Будунтай разгреб, не вставая с места, под собой кучу, достал горсть алтына, золота, и высыпал его Кузе в котомку.
— Врет, обманет, в лес уйдет, — приговаривала опять Мотря.
— Все это хорошо, — сказал Кузя, — да этого мало; надо мне тебя затаврить, чтобы ты не ушел, да окарнать, для приметы, одно ухо; пой песни, хоть тресни, а без приметы не пущу; ты не курица, ногавки[30] на тебя не навяжешь, — давай ухо!

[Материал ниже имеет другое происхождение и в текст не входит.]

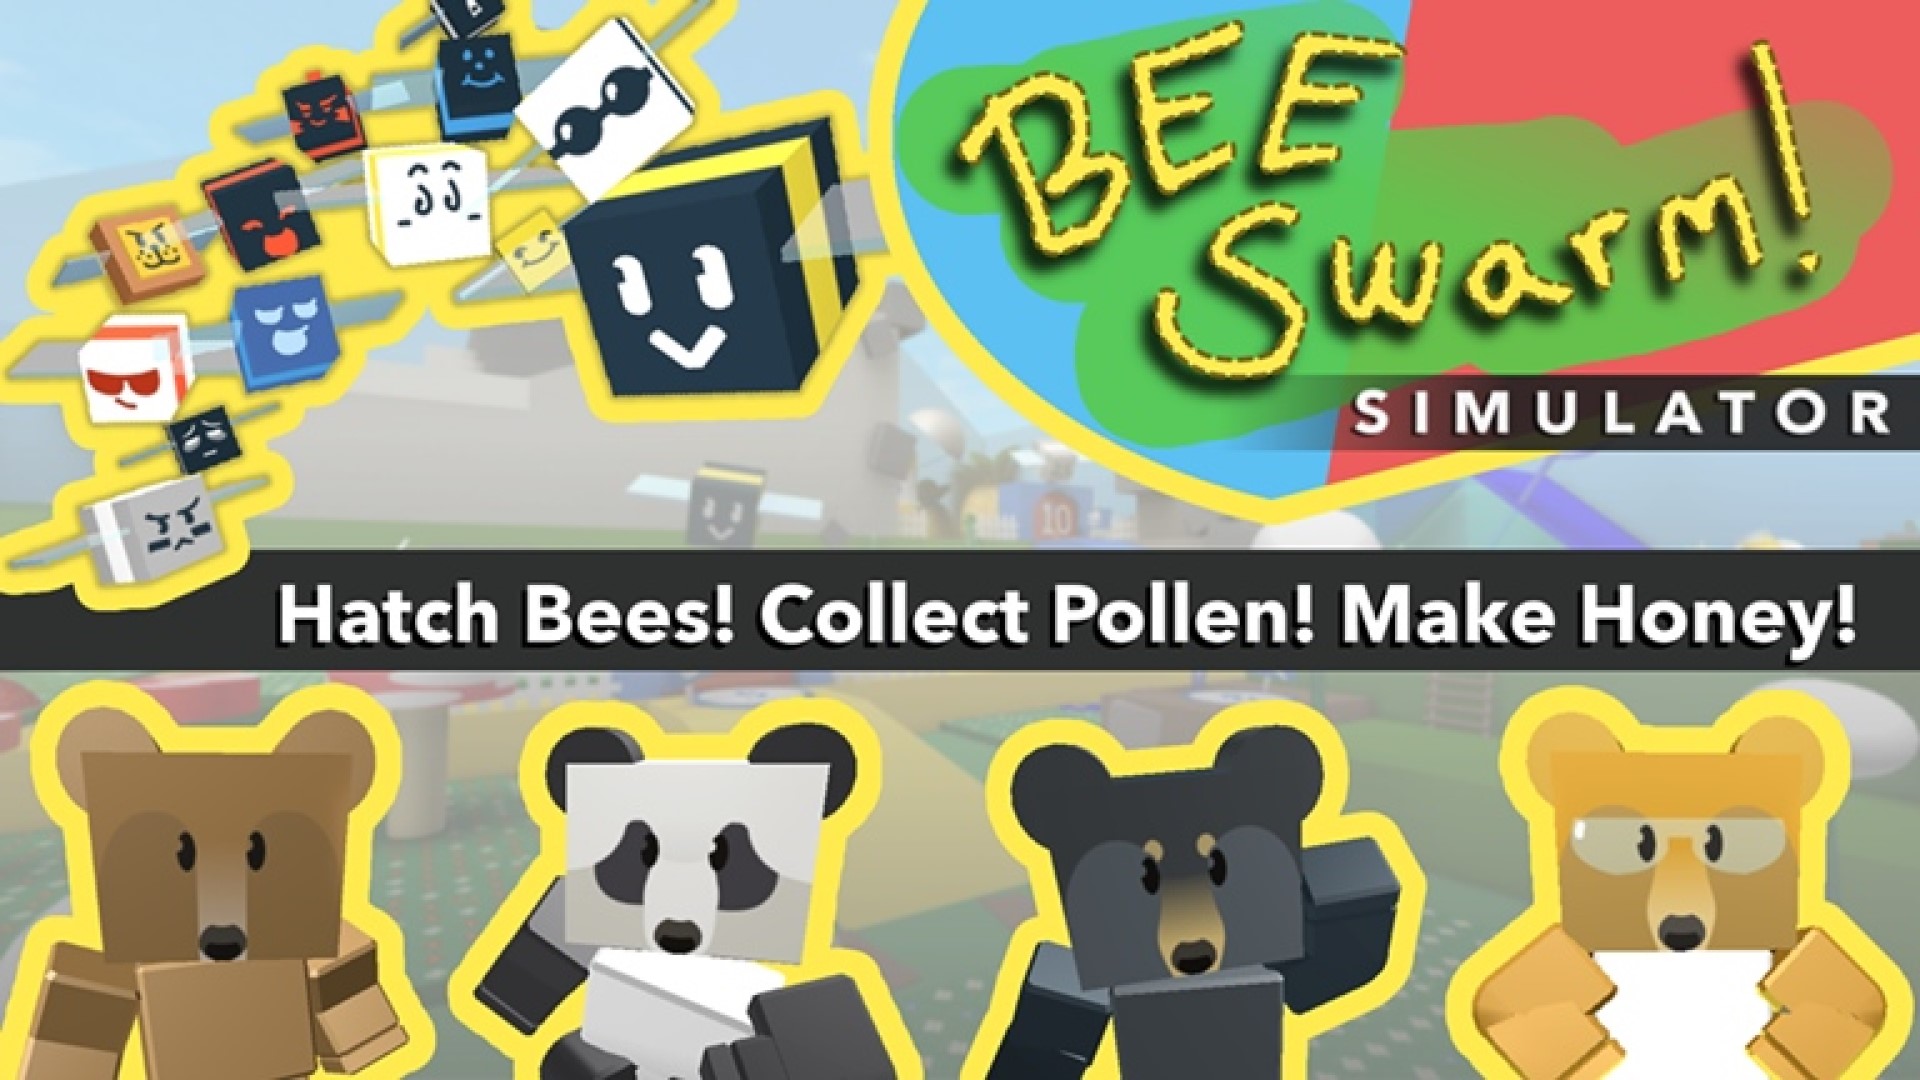 Bee Swarm Simulator codes honey, buffs, and tickets Pocket Tactics

Будунтай переметчик осерчал, стал браниться по-своему, по-вятски:
— Чего талы натаращил на меня, блябла те в ухо, чтоб тебя комуха в ромух свернула! Чтоб тебя уроса в вицу иссушила, да шоры и силки пупочки с тебя посклевавали! Бери нож, — сказал он наконец, — да режь ухо![31]
— Нет у меня ножа, — отвечал Кузя, — доставай свой, не то зубом грызть стану!
Будунтай снял с пояса складной нож, раскинул его, подал Кузе и подставил правое ухо.
— Левое давай, собака, — сказал Кузя, — недаром что-то ты его отворачиваешь!
Будунтай подставил и левое. Кузя ухватил ухо, перегнул его, как сгибают сапожный товар, когда клюшву[32] выкраивают, вырезал и ускорнячок[33] углом, положил лоскут в котомку, где лежали гусли, и выдернул из земли колышек. Будунтай только крякнул, встал, встряхнулся, в черного петуха обернулся и приказал Кузе приходить в самую полночь за село, на распутье, где дороги разбегаются, в лес, на водопойное озеро да на кладбище. Сам взмахнул крыльями, перекинулся рябой сорокой и полетел, как сороки летают, поджимая крылышки под мышку, да все прямо, что из лука стрела.